The Land Use Voter Empowerment (LUVE) Initiative will stop oversized projects while protecting rent controlled and affordable housing in Santa Monica. Our current City Council believes dense, tall, and ill-designed projects are a worthwhile exchange for a handful of affordable units and other minimal “community benefits.” The truth is LUVE strongly supports housing, but will empower voters to stop large, environmentally damaging mixed-use projects that are currently being built under the city's Development Agreement process. LUVE will stop the developer feeding frenzy that is eroding existing affordable rental housing and choking our beach town.
Consider the many ways that LUVE will have a beneficial impact on housing:
Height is not a limit to housing development with LUVE.

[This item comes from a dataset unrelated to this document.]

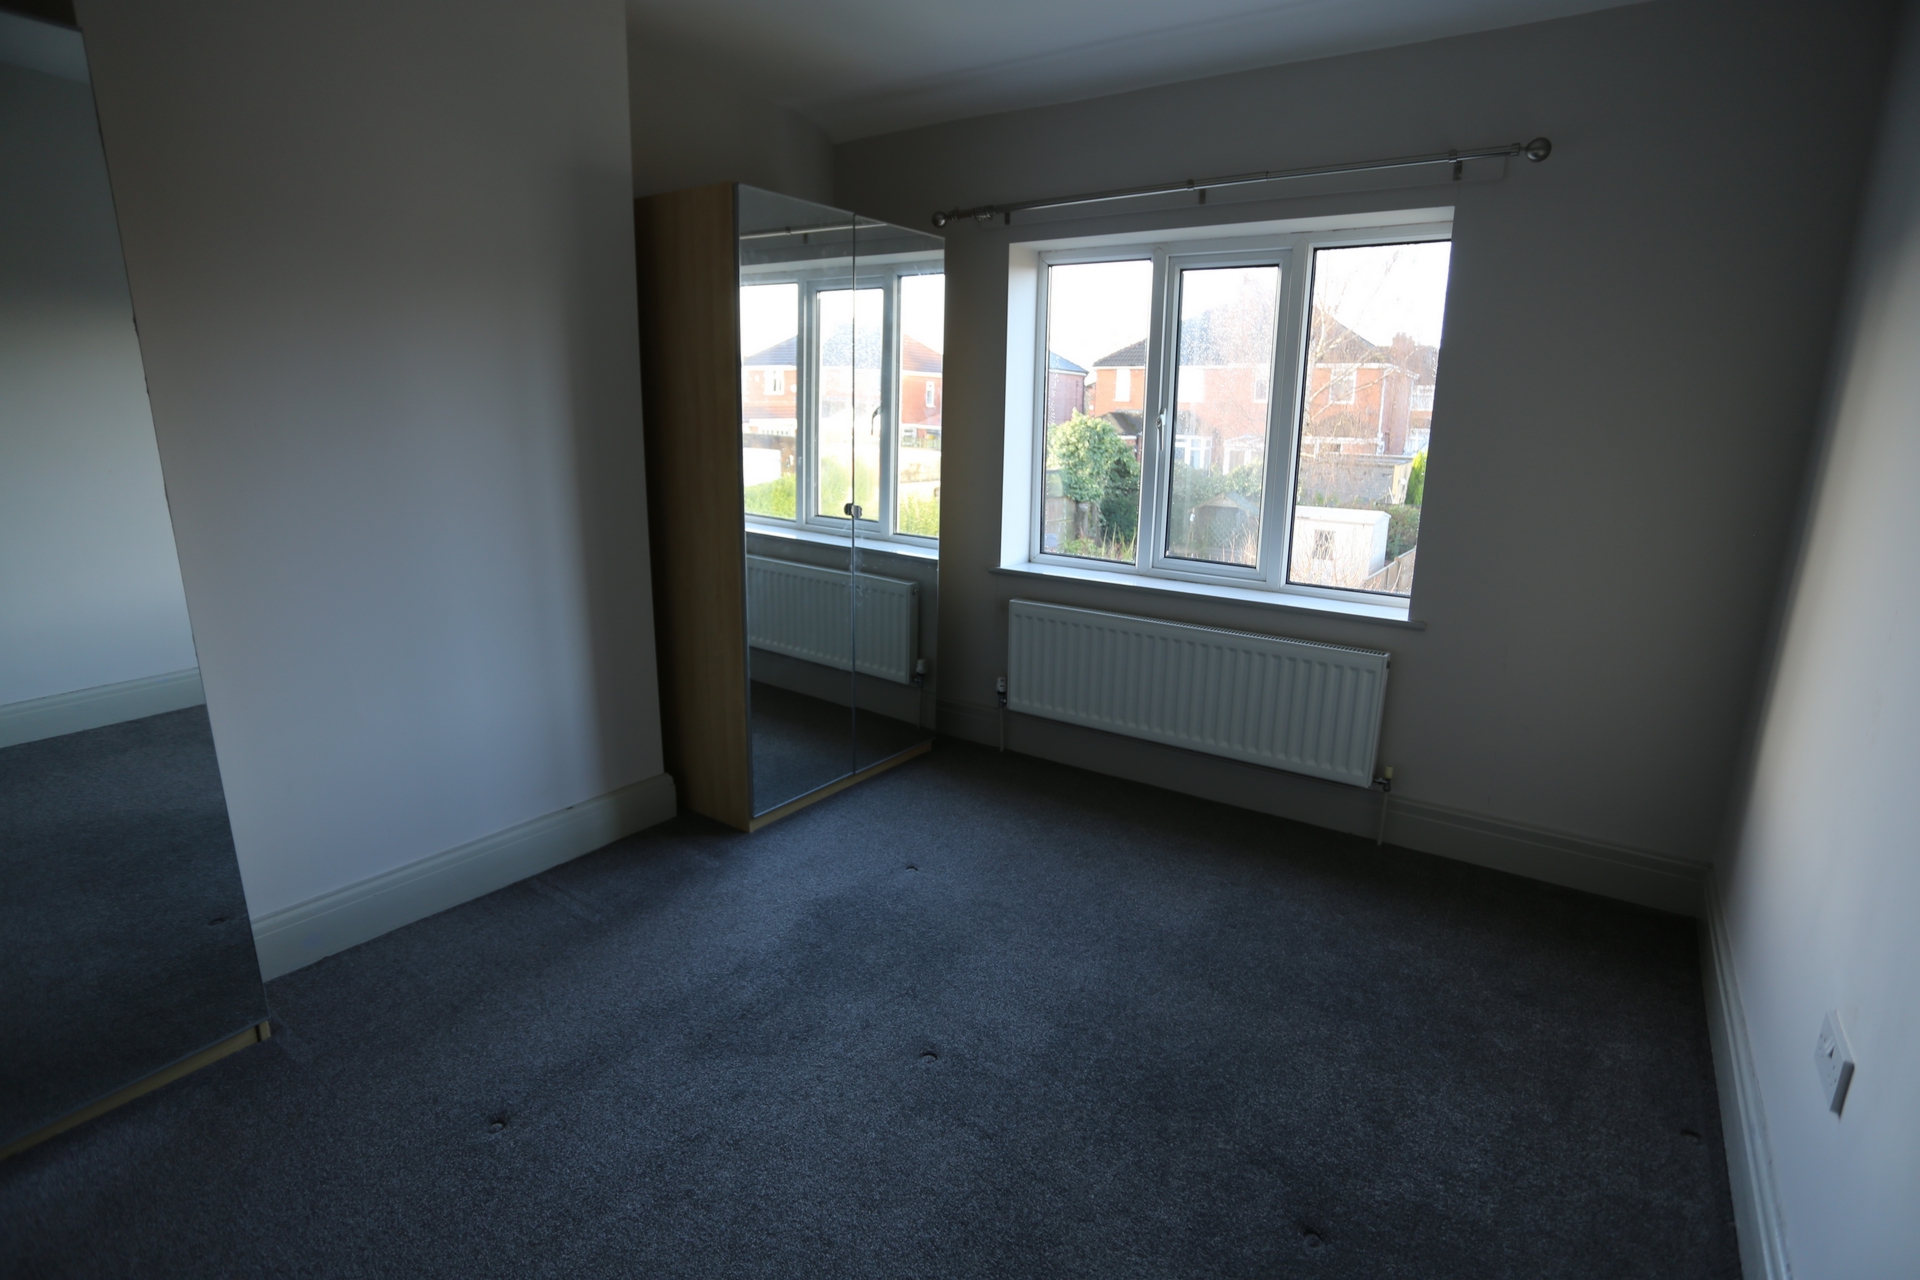 3 bedrooms semi detached, 7 Courtway Drive Sneyd Green Stoke on Trent Staffordshire
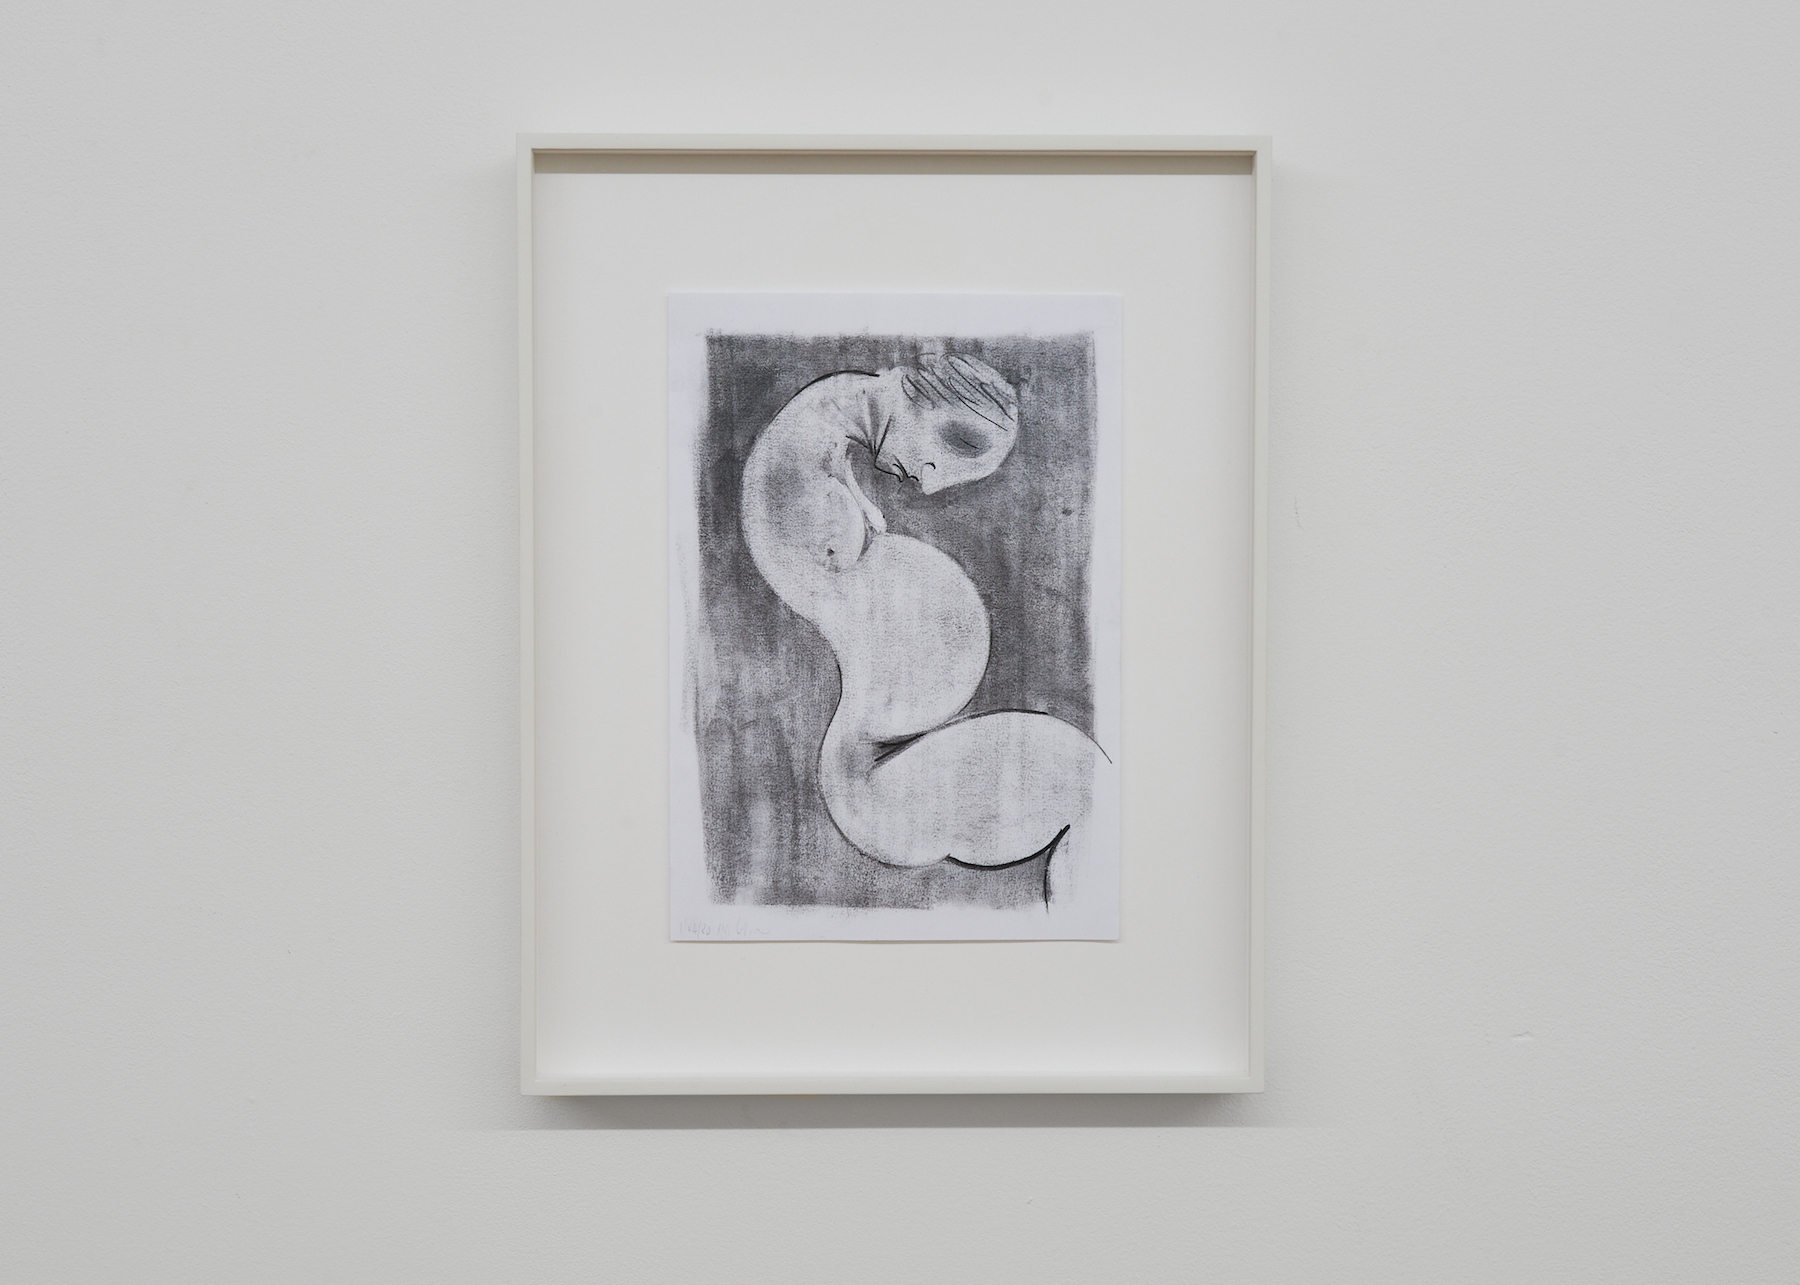 Mark Barker, as yet untitled (headache), b , 2020, Charcoal and graphite on paper, 42,5 x 34,5 cm

Our city is predominantly 1 and 2-stories. Downtown and along the boulevards, 75% of the properties are either 1 or 2-stories or vacant lots. The average height of buildings downtown is approximately 30'. Our existing zoning code establishes a 32' height limit, which LUVE endorses. Designing 3-story buildings within 32' is totally feasible. Given the amount of vacant lots and 1-story buildings throughout the boulevards and downtown, 32' allows substantial room for additional growth while incentivizing adaptive reuse of existing 2-story buildings.
Growth is possible.
If one were to develop the 1-story buildings and vacant land to a height of 32 feet along the boulevards and in the downtown, it could create up to 20 million sq. ft. of housing, the equivalent of 15,000 apartments capable of housing 30,000 people. This amounts to a 60-year supply, according to the Southern California Association of Governments. LUCE, Santa Monica's general plan, anticipates adding 5,000 homes housing an additional 10,000 people by 2030. Santa Monica will likely continue to exceed SCAG targets. Almost 900 units were approved for construction last year, 375 percent more than required.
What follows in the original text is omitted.